*What is being asked*:
Find the line containing "RAL 340 20 20" in the entries below. Restate it and each line after it, word for word, up to and including the line containing "Ouest-France se mobilise".

*Dataset records*:
----
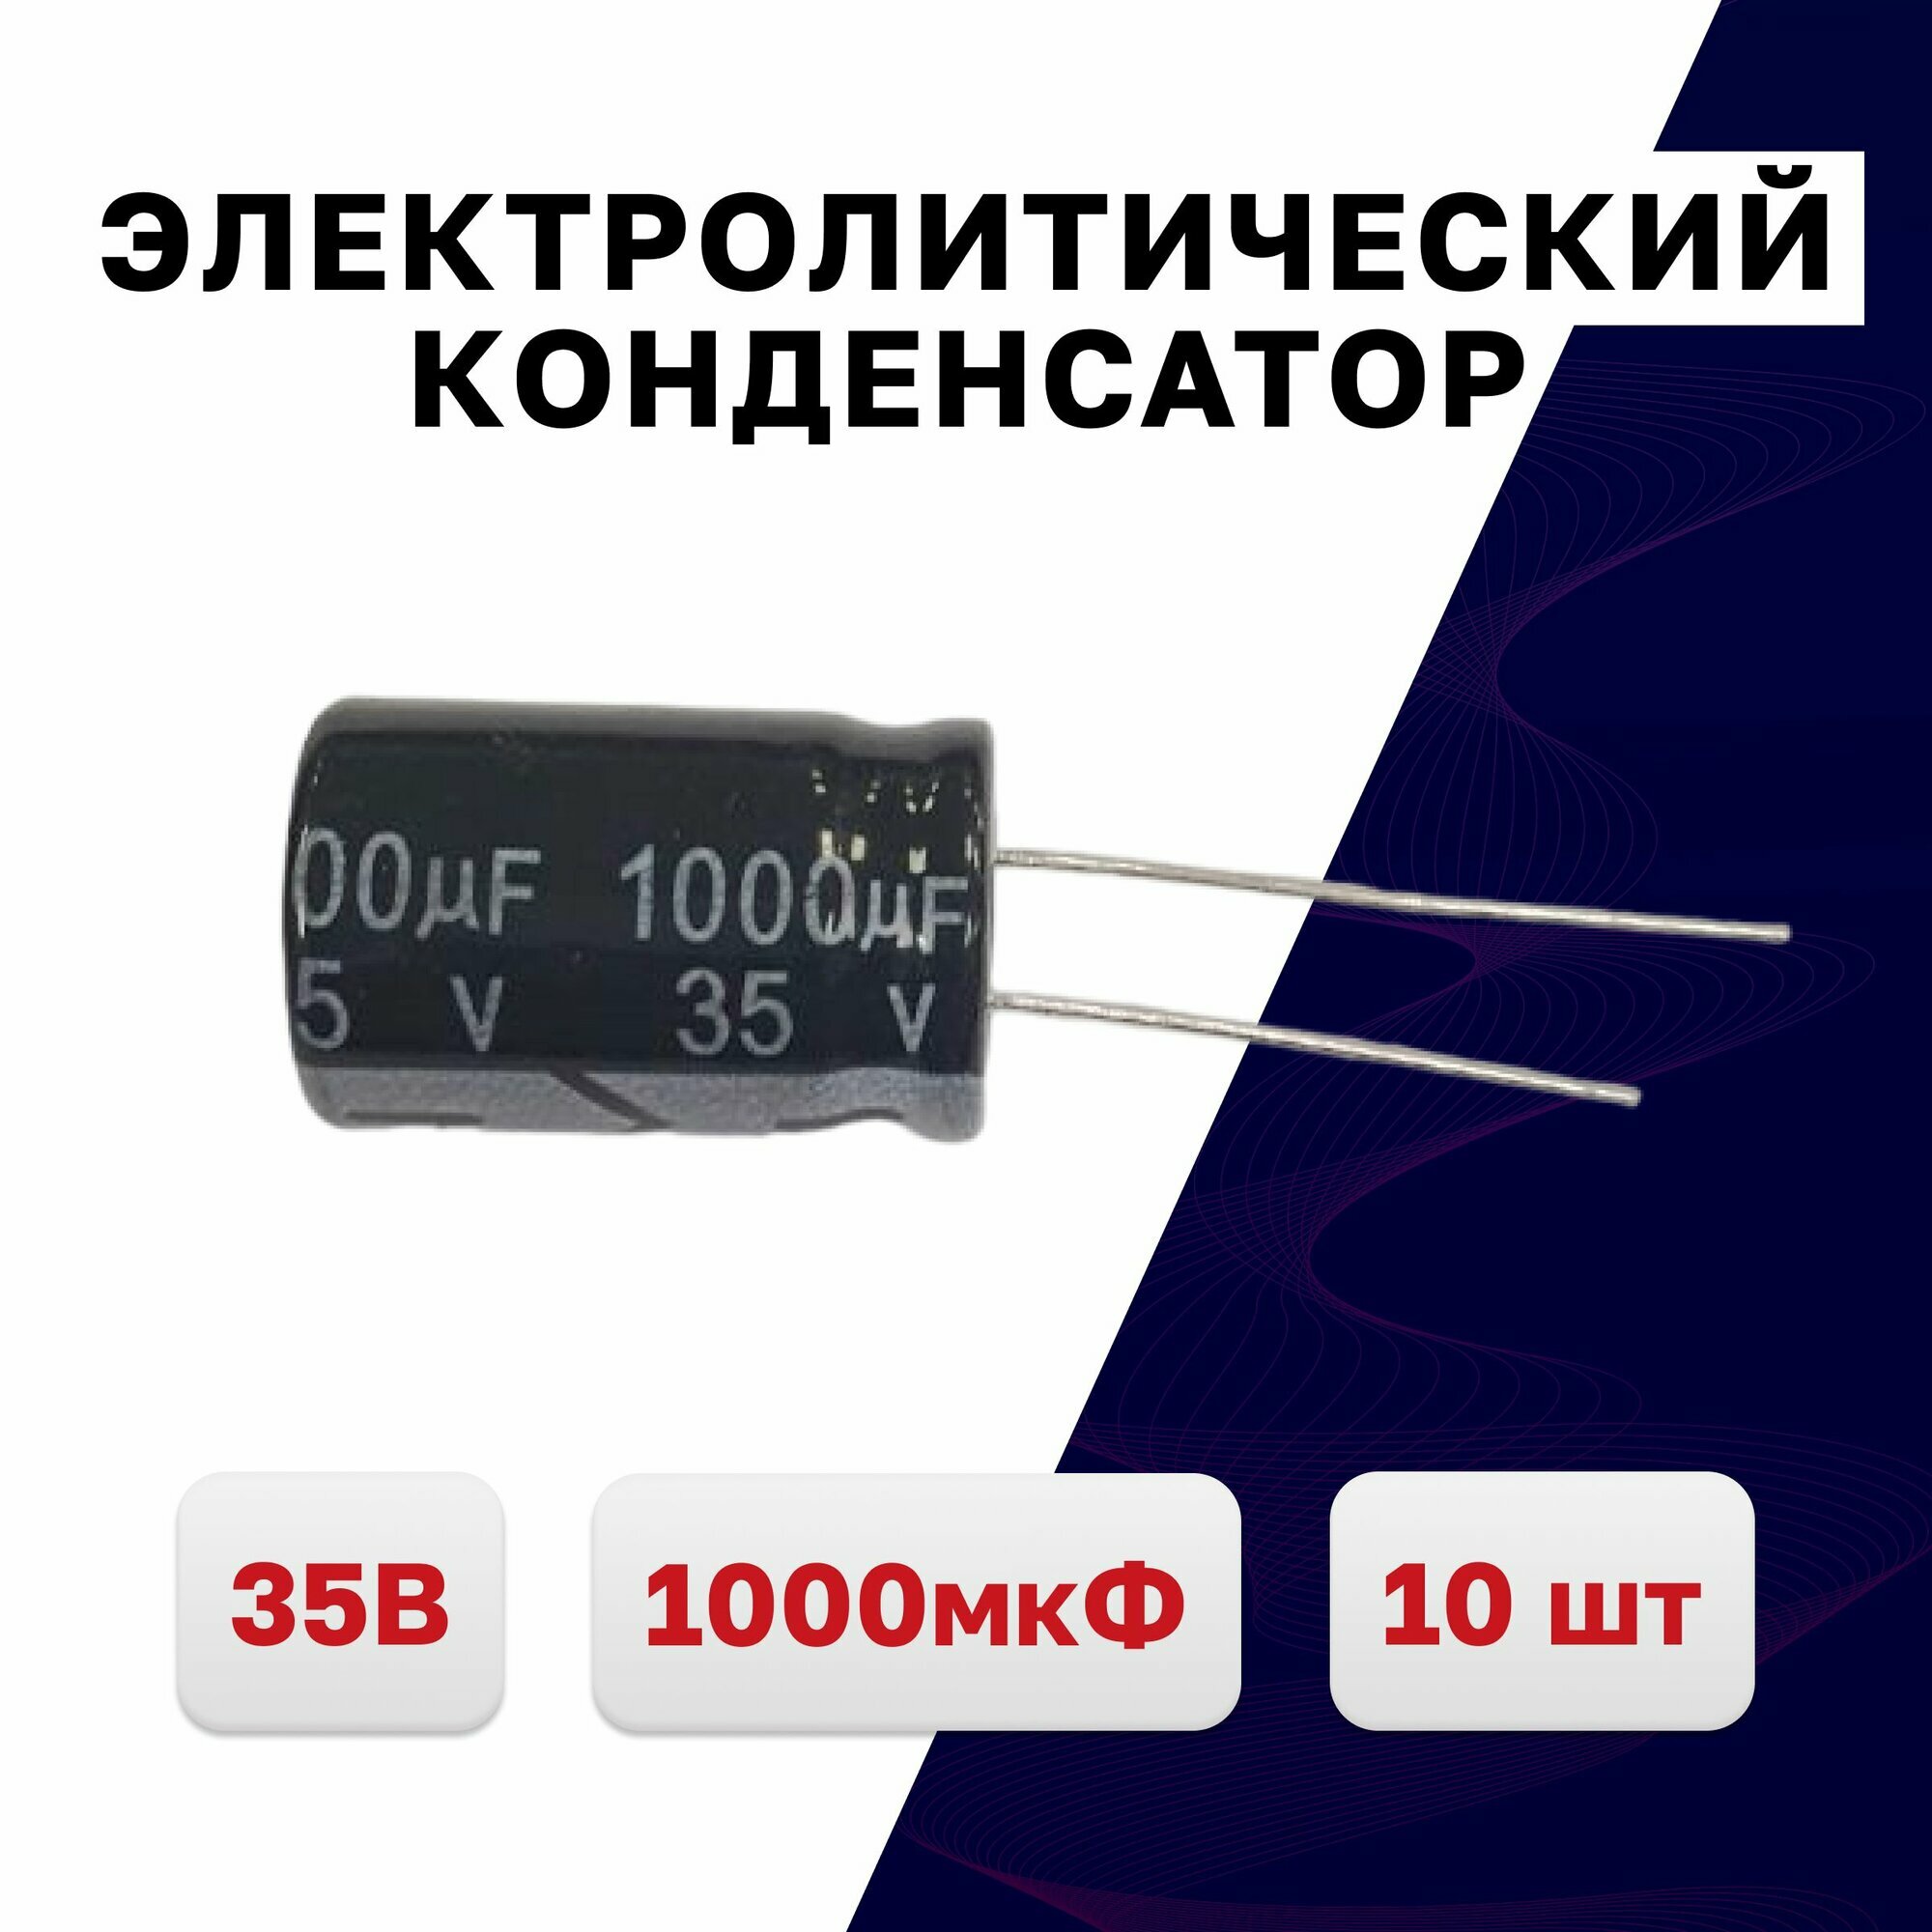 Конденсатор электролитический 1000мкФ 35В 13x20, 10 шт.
----
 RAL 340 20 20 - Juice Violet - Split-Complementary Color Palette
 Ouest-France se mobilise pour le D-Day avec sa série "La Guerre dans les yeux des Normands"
----
*Output below*:
 RAL 340 20 20 - Juice Violet - Split-Complementary Color Palette
 Ouest-France se mobilise pour le D-Day avec sa série "La Guerre dans les yeux des Normands"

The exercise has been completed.